The goal of this multiattribute analysis is to more clearly identify possible direct hydrocarbon indicator characteristics such as flat spots (hydrocarbon contacts) and attenuation effects and to better understand the reservoir and provide important approaches for decreasing the risk of future exploration in the area.

Initially, 18 instantaneous seismic attributes were generated from the 3-D data in the area. These were put into a PCA evaluation to determine which produced the largest variation in the data and the most meaningful attributes for SOM analysis.

The PCA was computed in a window 20 milliseconds above and 150 milliseconds below the mapped top of the reservoir over the entire survey, which encompassed approximately 10 square miles. Each bar in Figure 1A represents the highest eigenvalue on its associated in-line over the portion of the survey displayed.

An eigenvalue shows how much variance there is in its associated eigenvector, and an eigenvector is a direction showing the spread in the data. The red bars in Figure 1A specifically denote the in-lines that cover the areal extent of the amplitude feature, and the average of their eigenvalue results are displayed in Figures 1B and 1C.
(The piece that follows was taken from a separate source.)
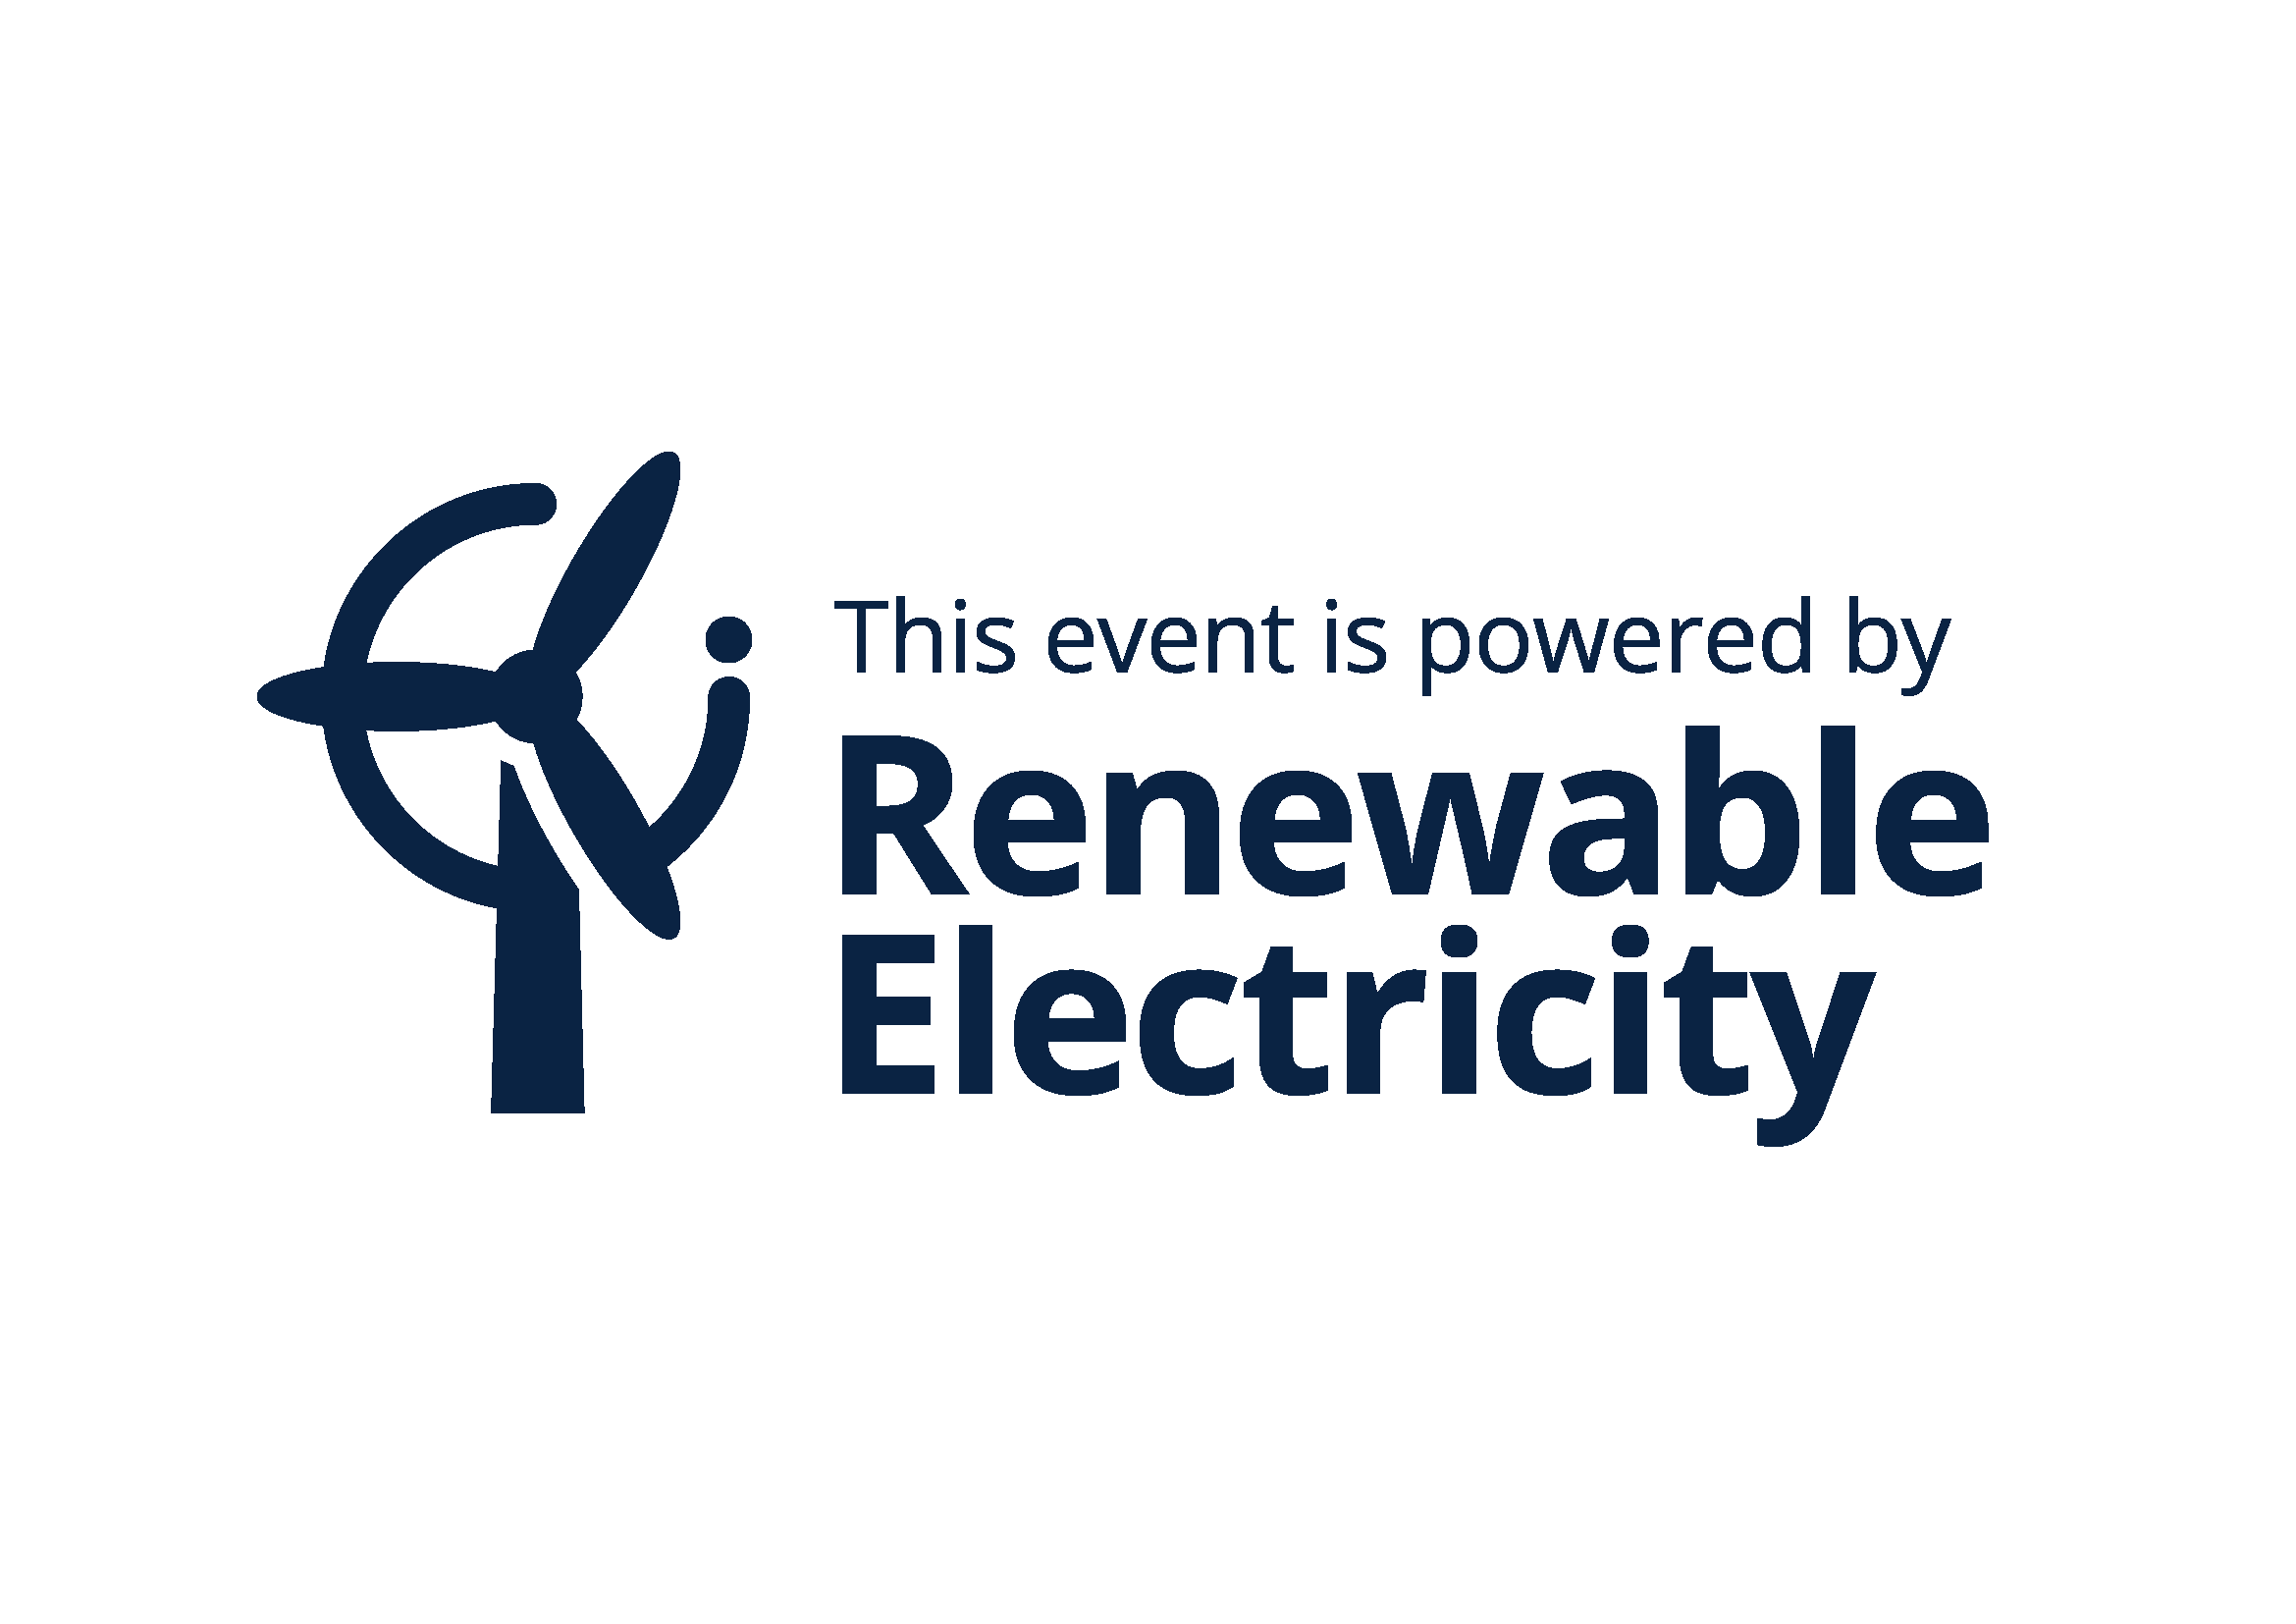 Renewable electricity event
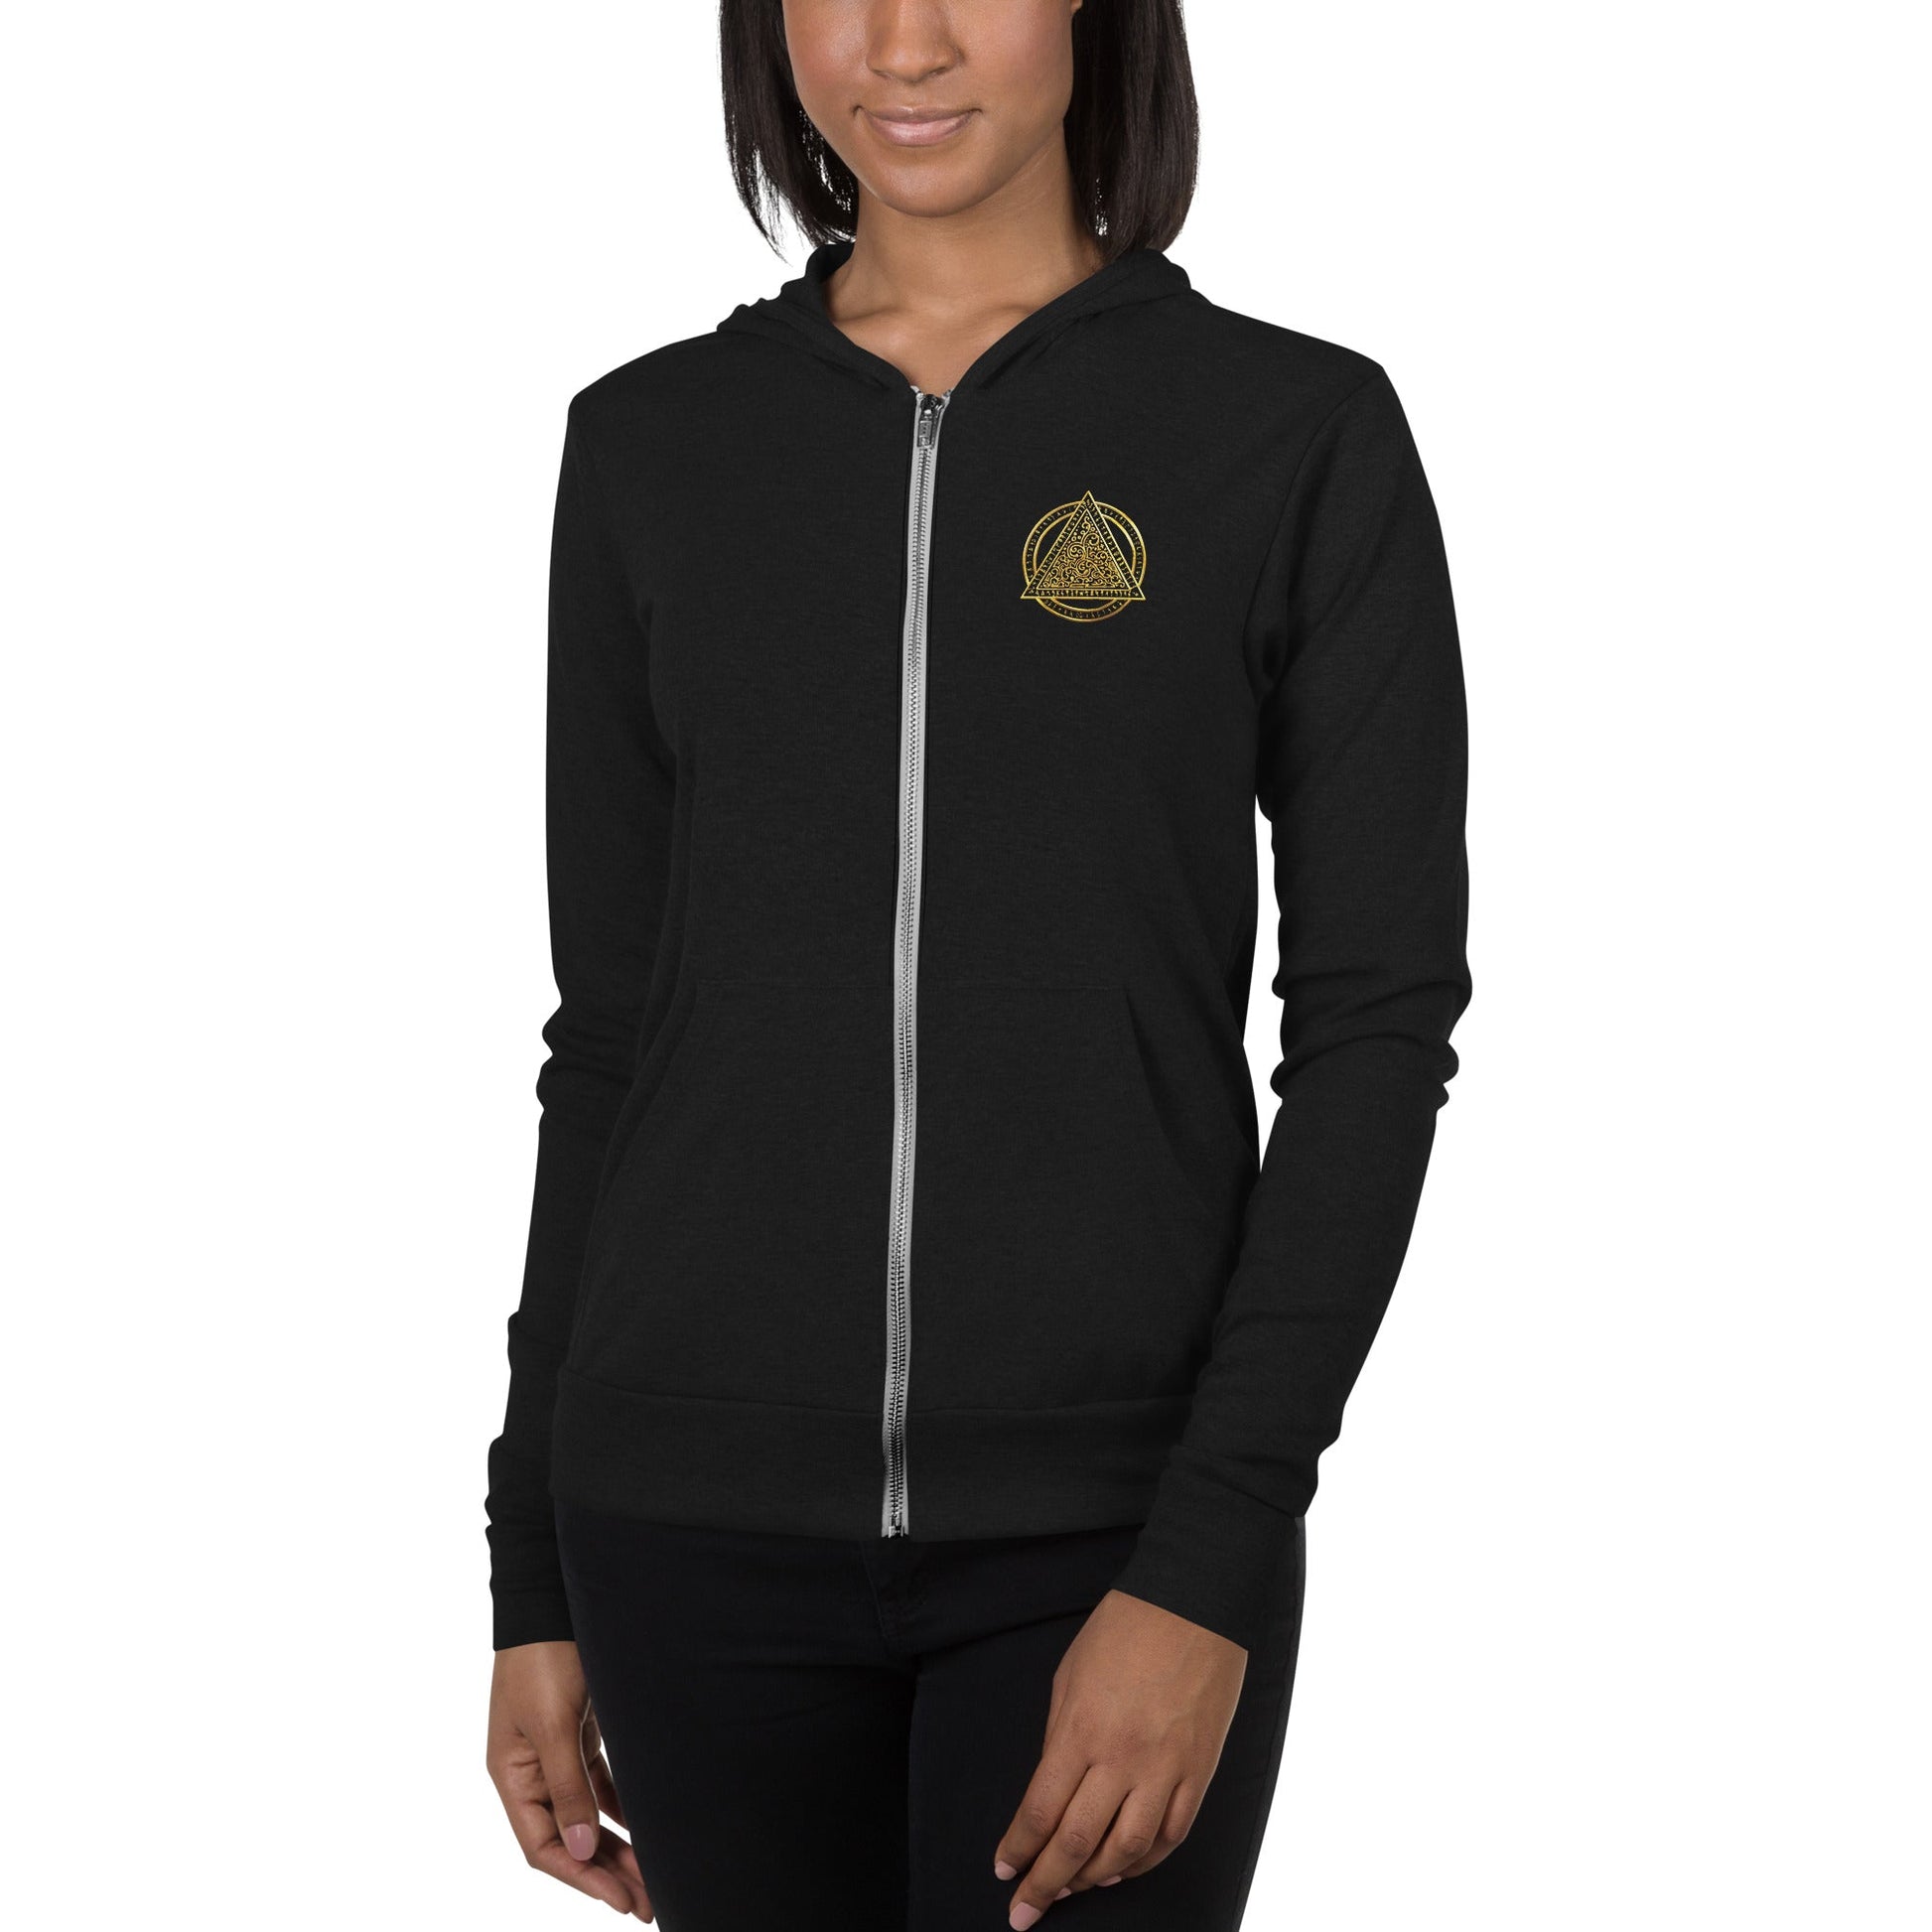 Unisex zip hoodie | The Baby-Eater - Spectral Ink Shop - Sweaters and Hoodies -6976361_9202

Figure 1B displays the principal components from the selected in-lines over the anomalous feature with the highest eigenvalue (first principal component), indicating the percentage of seismic attributes contributing to this largest variation in the data. In this first principal component, the top seismic attributes include trace envelope, envelope modulated phase, envelope second derivative, sweetness and average energy, all of which account for more than 63 percent of the variance of all the instantaneous attributes in this PCA evaluation.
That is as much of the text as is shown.